We met some years ago. The almost daily contact,
the communion of several ideals, the empathy developed, all joined what
different cultural, social or economic levels might have separated. We
respected each other and let a healthy friendship grow between us. We are
friends.
This friend of mine is physically strong.
He has the strength of someone who has dived many times into the river
in the past, either for pleasure, since he had no toys to spend his free
time playing with, or to look for some coins, which had been thrown into
the river by very inferior men who looked very superior and amused. His
strength was also developed during the daily eight hours he spent as a
worker, first in a factory and now in construction.
But together with his physical strength comes
the spiritual strength of someone who, when he was still a child, came
to the owner of a stationer’s to give back the magazine he had stolen a
few hours before, because his conscience couldn’t accept such behaviour.
The true strength of someone who was capable of standing up after having
fallen, when he was young, into the path of great passions and vicious
behaviours. After the correction in prison, came the time of building a
simple and honest home, of a person who assumes his human condition with
dignity.
Our spiritual conquests, when well grounded,
are definitive. However, during their process of development, anyone can
fail, simply regarding true values carelessly, letting multiple, and perfectly
secondary, material solicitations distract us and thereby losing the notion
of reality.
That might have happened to my friend, when
he left his home to live in a small room on the third floor in a narrow
street in the old part of the town. He told me it was a good room with
a nice view.
We went up those endless wooden stairs, listening
to several family arguments, a young man wearing few clothes singing, several
radio broadcasts (it seemed that all those people had a hearing problem,
their radios were so loud); watching more or less intimate pictures of
people who weren't able to live with the least privacy; being watched by
several mothers who control who goes up those stairs. We passed through
an old door and there we were, in a narrow room with a couch, a chest of
drawers, a bed-side table and a chair, all very old and badly preserved.

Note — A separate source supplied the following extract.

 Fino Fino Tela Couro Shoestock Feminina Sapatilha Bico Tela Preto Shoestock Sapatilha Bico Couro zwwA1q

At the window, one could see the roofs and façades of old and very
degraded houses.
I suffered. A little because of the miserable
conditions in which those people lived. But a lot more because I saw my
friend quite was mistaken, pathetically trying to adapt himself to a frankly
adverse situation. How wrong he was... And what a mistake he was making...
A distorted analysis of reality leads us into
making mistakes. But when we do, we make, in self-defence, an adapted analysis
of reality, in which we include many justifications for our mistakes.

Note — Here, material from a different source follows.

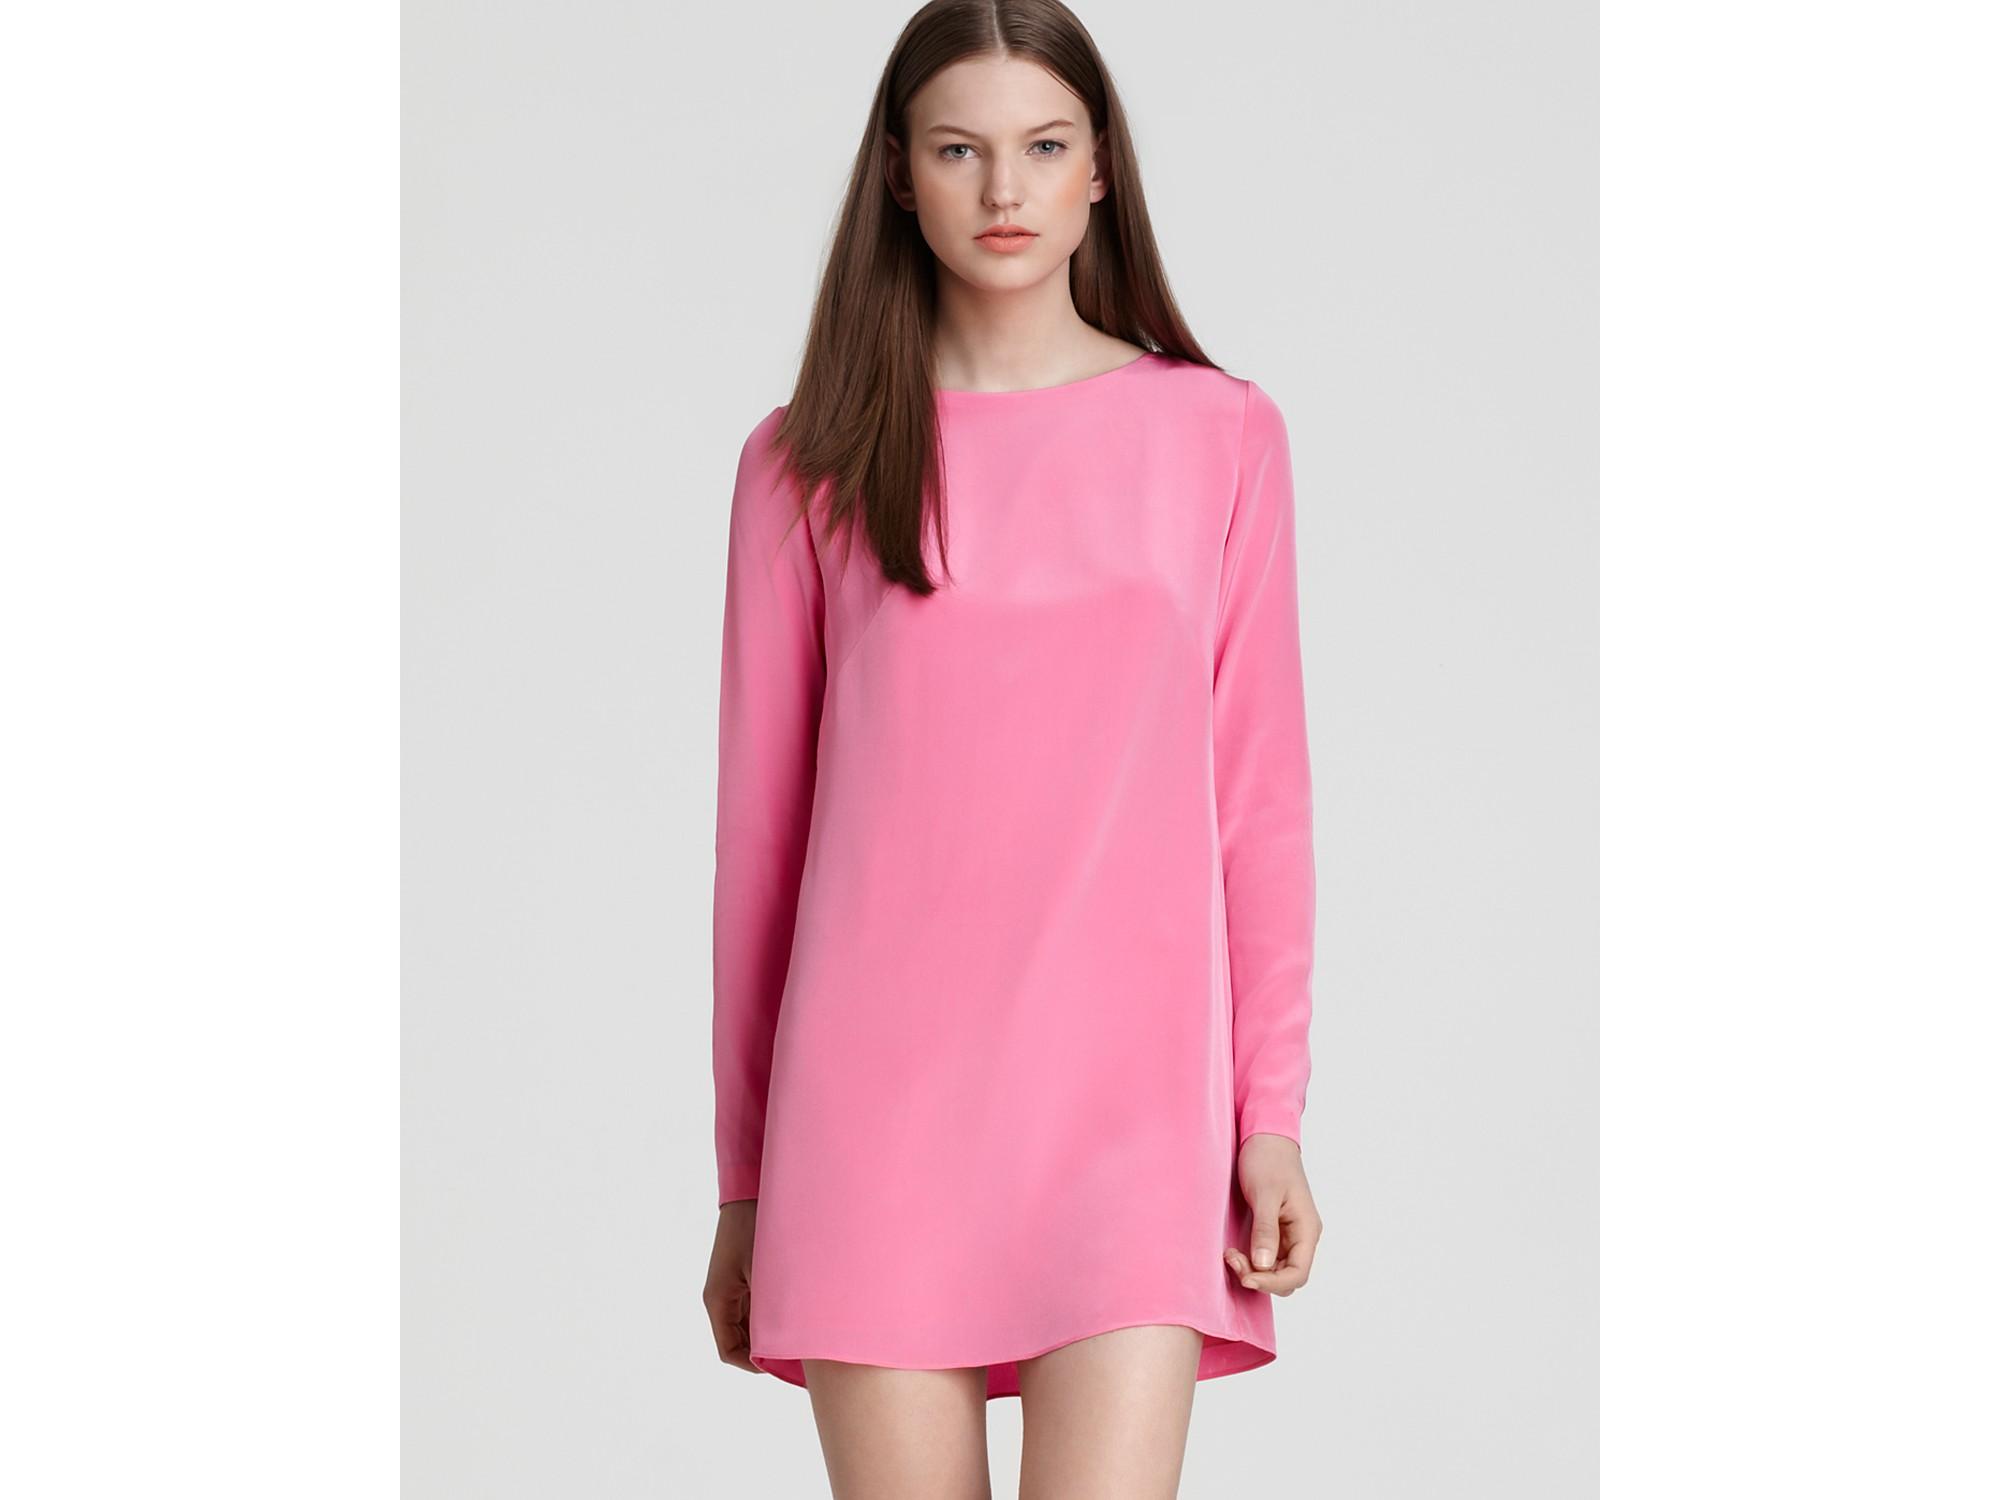 Tibi Shift Dress Long Sleeve in Pink | Lyst

Then… well, then either we have an inner strength
to stand up again, noticing (after going down so rapidly and easily) how
difficult and slow it is to go up again; or we stay submerged in the lassitude
of a life of corruption, only satisfying the small and narrow-minded pleasures
of our animal existence.
But my friend is a truly strong man and, in
this case, he stood up. He set his ideas in order, came back home, found
a new job, broke free from drugs, paid his debts, faced reality again.

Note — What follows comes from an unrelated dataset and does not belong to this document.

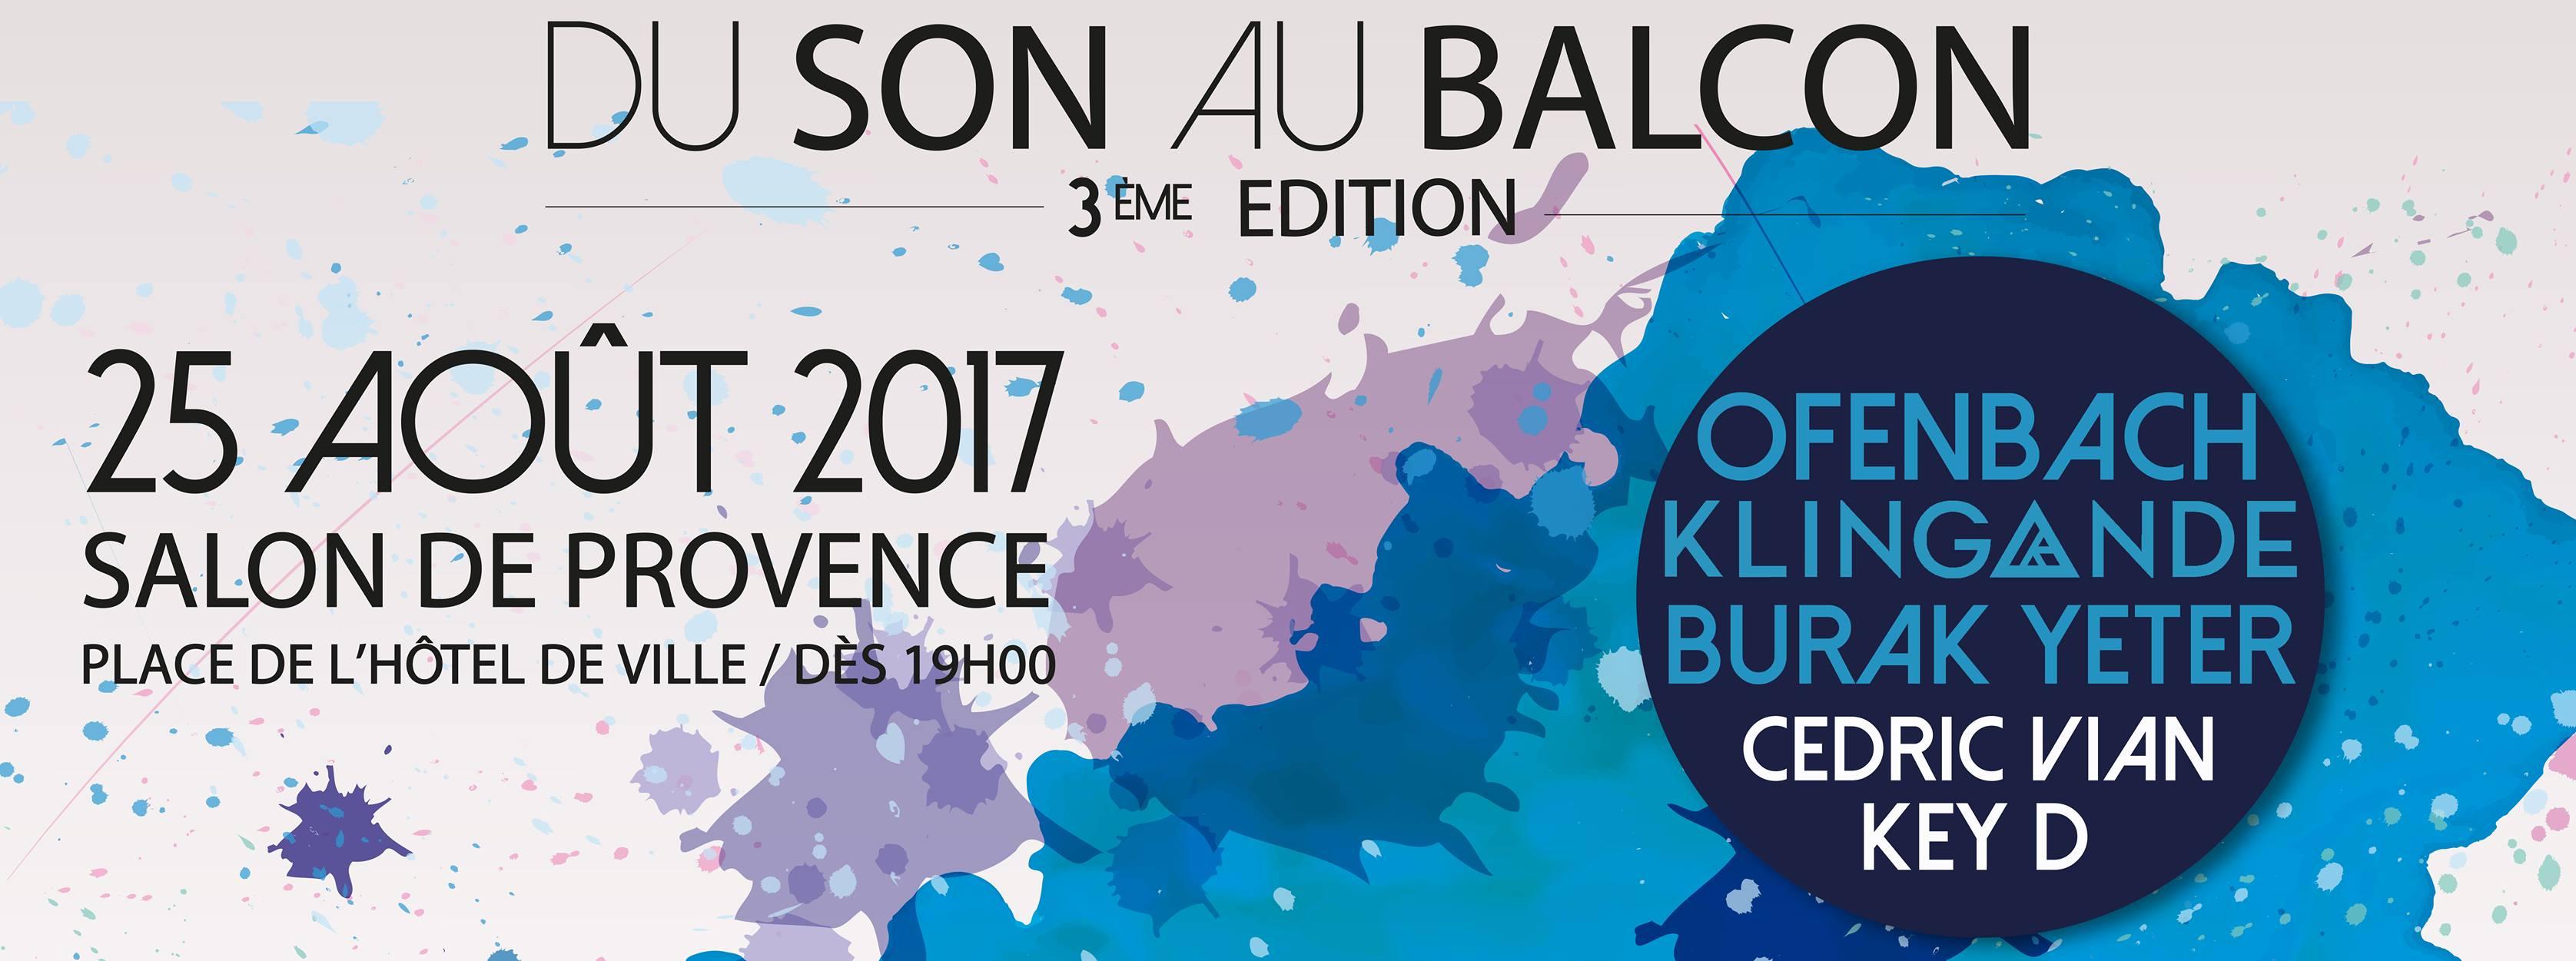 Du Son Au Balcon

Time went on and this man is a winner. He
knows all his material and spiritual assets were achieved thanks to his
own work and will, his capacity for sacrifice, the rationally conducted
and persistent effort and the growing steadiness of his own character.
He is, and will certainly be, a simple man,
an honourable but unknown man for most people, but he is still a fine example
for those who like to see beyond materialism.